Not only that but the writer gives us a strong sense of how important Leading WREN Constance Clarke is to Bletchley Park in general and her WRENs in particularly, but she thinks nothing of driving off with the Doctor and a WREN – presumably leaving a whopping great gap back at Bletchley Park because of her absence. Won’t everything collapse without her? Then she raises that exponentially by abandoning everyone at the end to join the Doctor in the TARDIS “for her own reasons”, saying that she expects to return when the war is over in a year’s time. So she wasn’t all that important at Bletchley Park after all, then?
This is the trouble when writers “talk the talk” with their female characters, having them tell everyone how wonderful they are, but then can’t “walk the walk” and have them not being all that important after all. Actually putting some thought into the character and their position rather than just surrounding them in meaningless shallow adjectives would have served them better.

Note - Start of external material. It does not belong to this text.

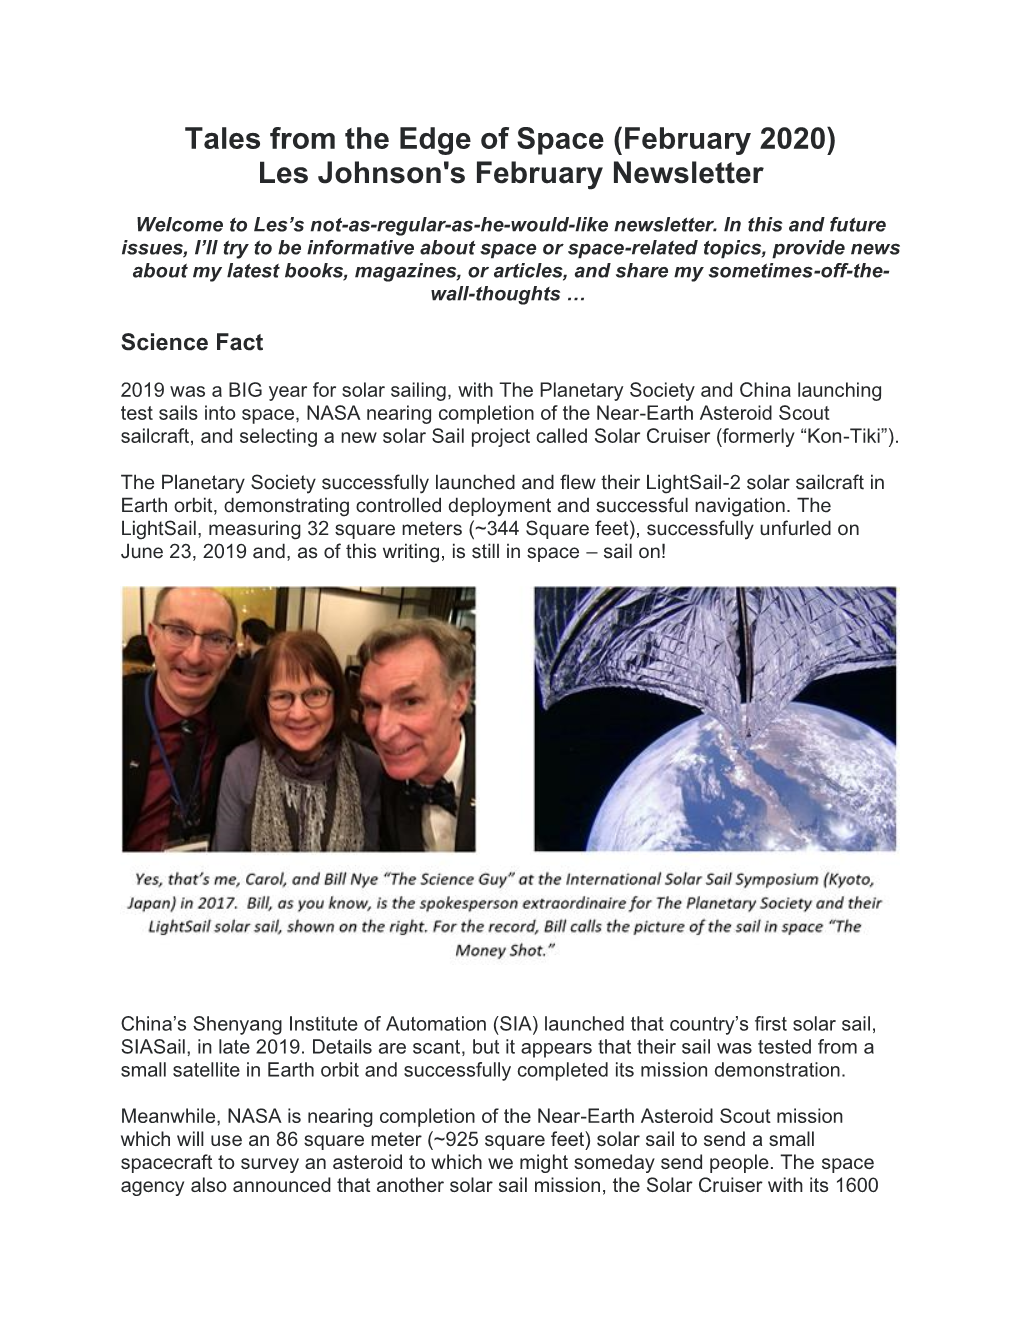 Les Johnson's February Newsletter

Anyway, if you take out the desire of the writer to prioritise agenda over adventure, Criss-Cross does end up as an entertaining enough story. The Doctor being stranded and adopting the name “Dr John Smith” whilst working in an office reminds me of Human Resources, the 8th Doctor story in which a similar thing happened. Requiring the TARDIS to be stranded is a plot device, but it serves its purpose.
Paul Thornley plays the double-agent Robbie Flint as even more of a self-serving spiv than James Beck’s Private Walker from Dad’s Army (although the actor says that he was more inspired by George Cole from St Trinians).
Hugh Fraser, who I most recently heard excellently playing the President in Blakes 7 audios, is Flint’s German handler Dr Schwartzmann, to whom he gives more than one layer.
Alistair Petrie plays the sturdy stalwart, but willing to learn, Major Harris – apparently written to have two strips torn off him later by Constance regarding how unintelligent he is compared to her WRENs, which he rises above for the rest of the adventure.
Colin Baker is on excellent form, except when the Doctor is taken down a peg or two by Constance, and is a delight to listen to. His Doctor scythes through the adventure, handling the aliens, making mistakes that he needs to fix – in fact being the all-round multi-layered intelligent yet flawed character that could (and perhaps should) have been used when creating the character of Mrs Clarke.
In all, an adequate story if not overly remarkable.